Par courrier du 23 juin 2015, le directeur de l'EEPB a confié à X. un mandat de remplacement, à titre provisoire, en qualité de maître d'atelier à partir du 1er août 2015. Il lui a notamment été rappelé l'importance de l'encadrement des personnes détenues dans l'atelier en question. Le 1er juillet 2015, un détenu sous sa responsabilité a été giflé par un autre détenu lors de la sortie des ateliers. Suite au visionnage de l'enregistrement vidéo de cet événement, la direction de l'EEPB a reproché à X. d'y avoir assisté sans s'être interposé, respectivement intervenu afin d'éviter dite agression et une éventuelle riposte entre les détenus en question, connus pour leur animosité mutuelle, de ne pas avoir donné l'alarme pour appeler du renfort, ainsi que d'avoir laissé un de ses collègues gérer l'altercation avec l'aide d'un autre détenu. X. a été entendu par la cheffe du SPNE le 13 juillet 2015 et informé qu'en raison d'une nouvelle violation des devoirs de la fonction et des règles de déontologie, l'autorité de nomination serait saisie pour examiner sa suspension et la cessation des rapports de travail. Il s'est en outre vu révoquer son affectation en qualité de maître d'atelier. Par le biais d'un courrier du service des ressources humaines daté du 16 juillet 2015, le Conseil d'Etat a informé X. qu'il envisageait de mettre un terme aux rapports de service et qu'il lui accordait un délai pour faire part de ses remarques écrites. Il l'a également libéré de son obligation de travailler durant cinq jours et rendu attentif à son droit de consulter le dossier et de se faire assister d'un mandataire. Une décision de suspension provisoire a été rendue par le Conseil d'Etat le 23 juillet 2015, laquelle maintenait le droit au traitement. Dans ses observations, X. a notamment contesté la validité des entretiens intervenus avec la direction de l'EEPB et la cheffe du SPNE au cours desquels il n'a pas été en mesure d'exercer ses moyens de défense, requérant de ce fait l'exclusion des procès-verbaux y relatifs du dossier, ainsi que des mesures d'instruction complémentaires.

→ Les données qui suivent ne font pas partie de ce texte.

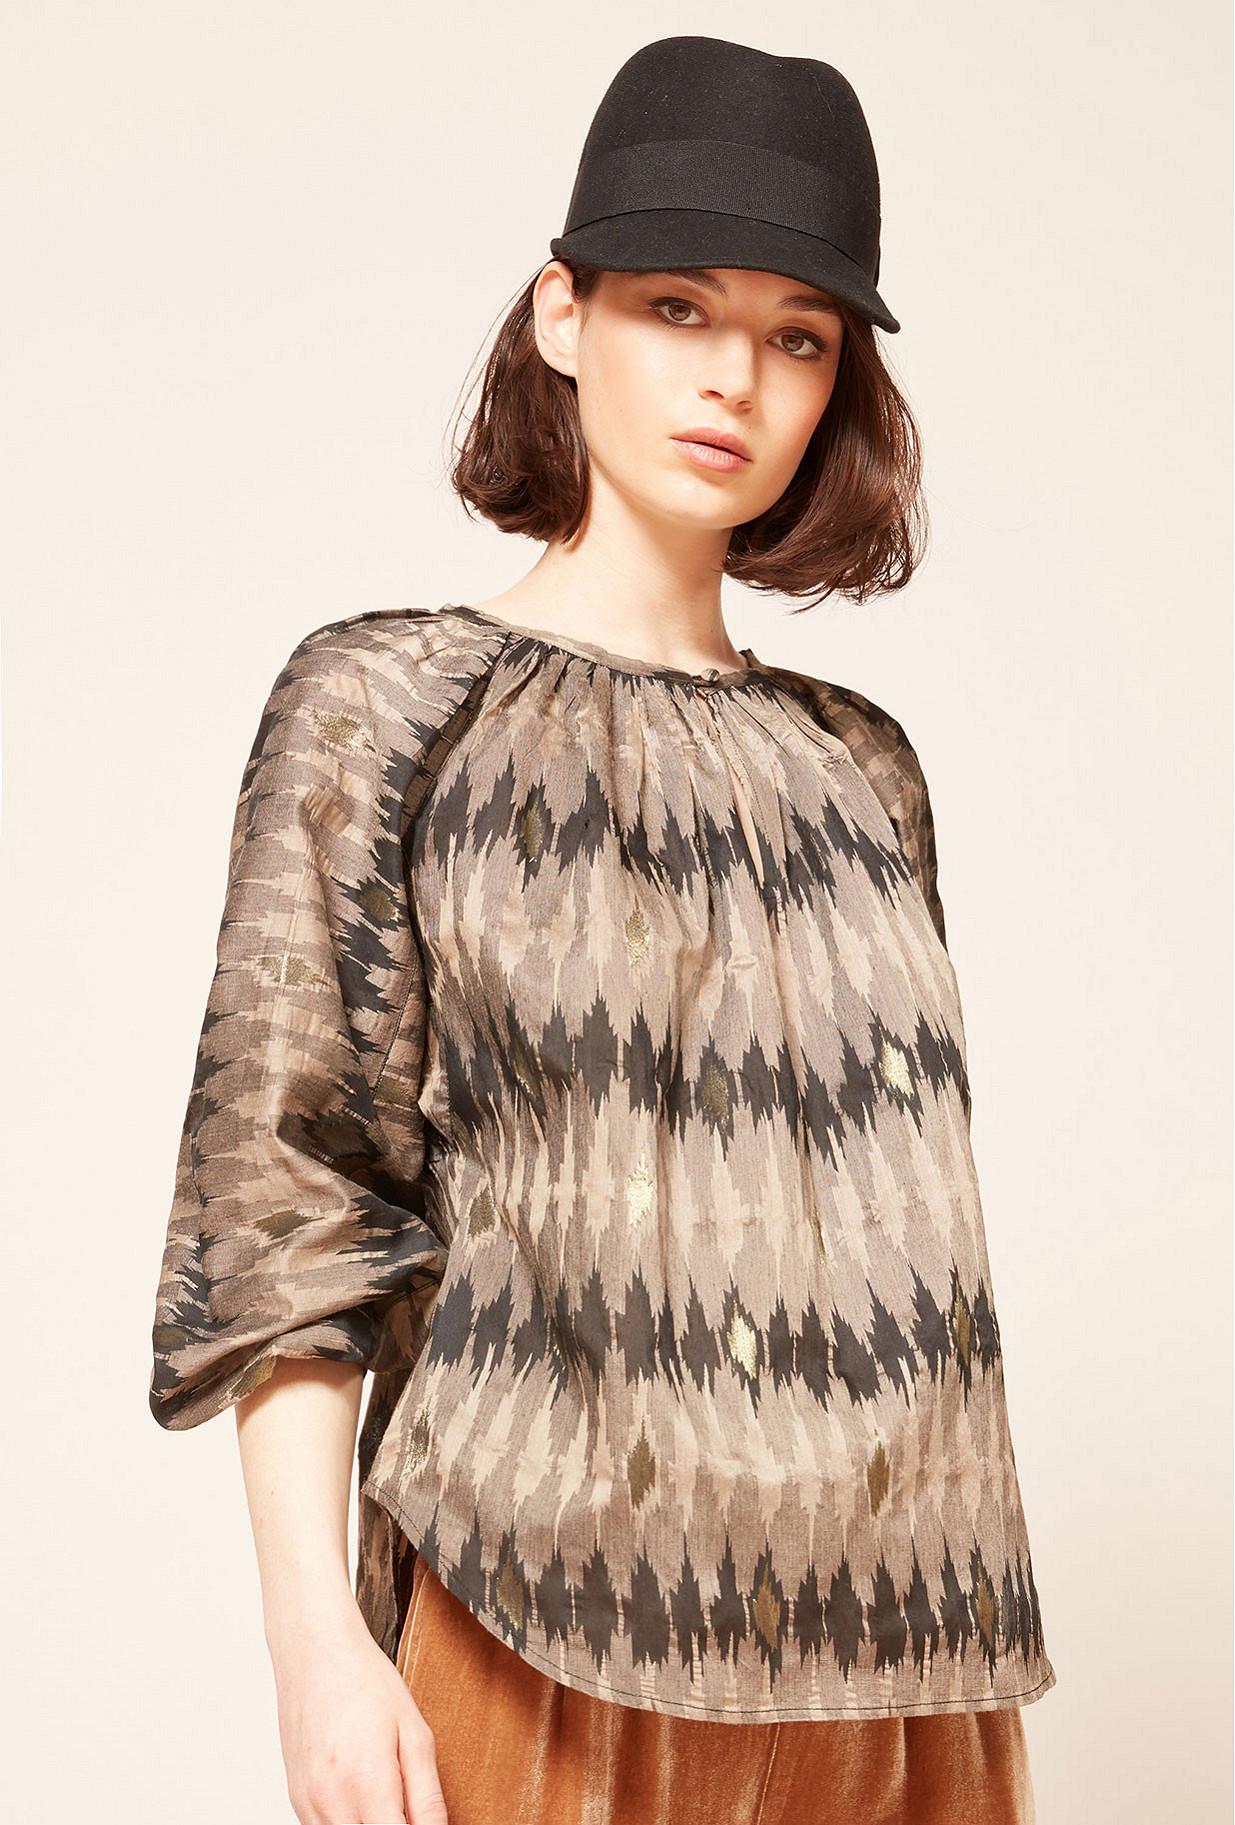 Paris clothes store Blouse  Jember french designer fashion Paris

Par décision du 14 octobre 2015, le Conseil d'Etat a prononcé le renvoi de X. avec effet au 31 janvier 2016, maintenu la libération de son obligation de travailler et retiré l'effet suspensif à un éventuel recours. En substance, il a considéré que l'intéressé n'avait pas donné suite aux exigences posées lors de l'avertissement et du blâme prononcés à son encontre et qu'il avait en toute conscience violé les procédures internes et le code de déontologie, partie intégrante de son contrat de travail. Il a estimé que la confiance accordée à son employé était rompue.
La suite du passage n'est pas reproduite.